Flux vs pytorch cpu performance

Hi,

I’m trying to make my colleagues use Julia, but I got this performance issue with some simple code. At first I though that the problem is use the AD but now I think it’s with the feed forward (and because of that the AD performance is is also bad compare to pytorch)
That is a gist of it:

using PyCall
using Flux
using BenchmarkTools
    
torch = pyimport("torch")

NN = torch.nn.Sequential(
    torch.nn.Linear(8, 64),
    torch.nn.Tanh(),
    torch.nn.Linear(64, 32),
    torch.nn.Tanh(),
    torch.nn.Linear(32, 2),
    torch.nn.Tanh()
)

torch_nn(in) = NN(in)

Flux_nn = Chain(Dense(8,64,tanh),
                Dense(64,32,tanh),
                Dense(32,2,tanh))

for i in [1, 10, 100, 1000]
    println("Batch size: $i")
    torch_in = torch.rand(i,8)
    flux_in = rand(Float32,8,i)
    print("pytorch:")
    @btime torch_nn($torch_in)
    print("flux   :")
    @btime Flux_nn($flux_in)
end

Results on my laptop (intel i7 without gpu)

Batch size: 1
pytorch:  87.786 μs (6 allocations: 192 bytes)
flux   :  2.983 μs (6 allocations: 1.25 KiB)
Batch size: 10
pytorch:  98.667 μs (6 allocations: 192 bytes)
flux   :  16.801 μs (6 allocations: 8.22 KiB)
Batch size: 100
pytorch:  137.217 μs (6 allocations: 192 bytes)
flux   :  161.716 μs (8 allocations: 77.16 KiB)
Batch size: 1000
pytorch:  262.211 μs (6 allocations: 192 bytes)
flux   :  3.884 ms (10 allocations: 766.19 KiB)

Can I get the same performance as pytorch on ~1000 batch size?
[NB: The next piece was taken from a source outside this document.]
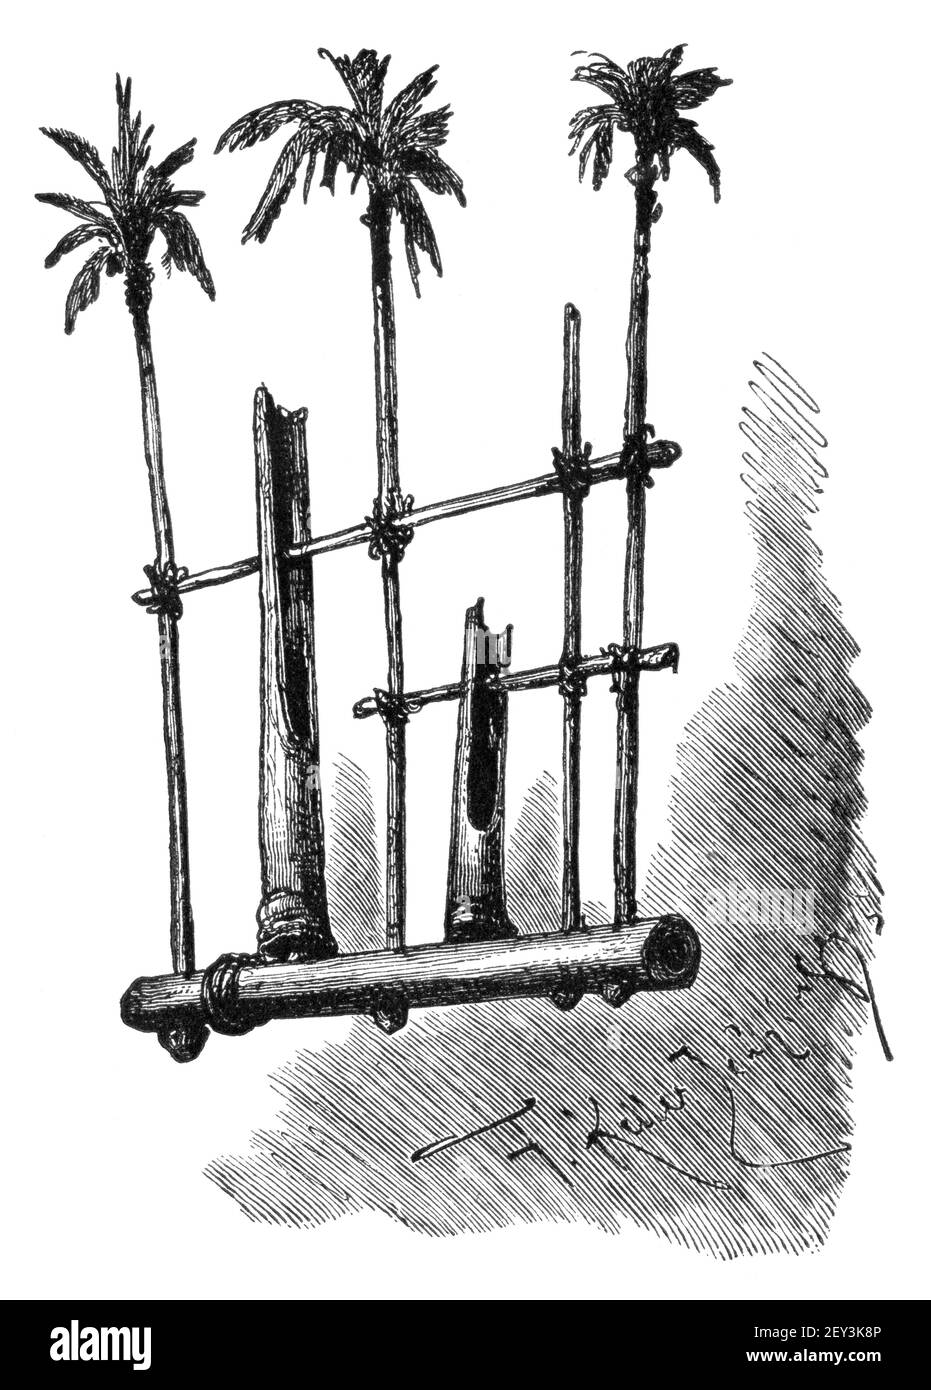 Anklung, Musical Instrument, West Java, Indonesia. Culture and history of Asia. Vintage antique black and white illustration. 19th century. Stock Photo

I didn’t manage to make non allocating version(I think that’s the problem).

Could check the thread usage?

Here’s a quick look at some approximation to the largest layer involved. It looks like all the time is in tanh, and that there is a lot of room for improvement. https://github.com/FluxML/NNlib.jl/pull/199 will help.

Batch size: 1000
flux   :  1.442 ms (10 allocations: 766.19 KiB)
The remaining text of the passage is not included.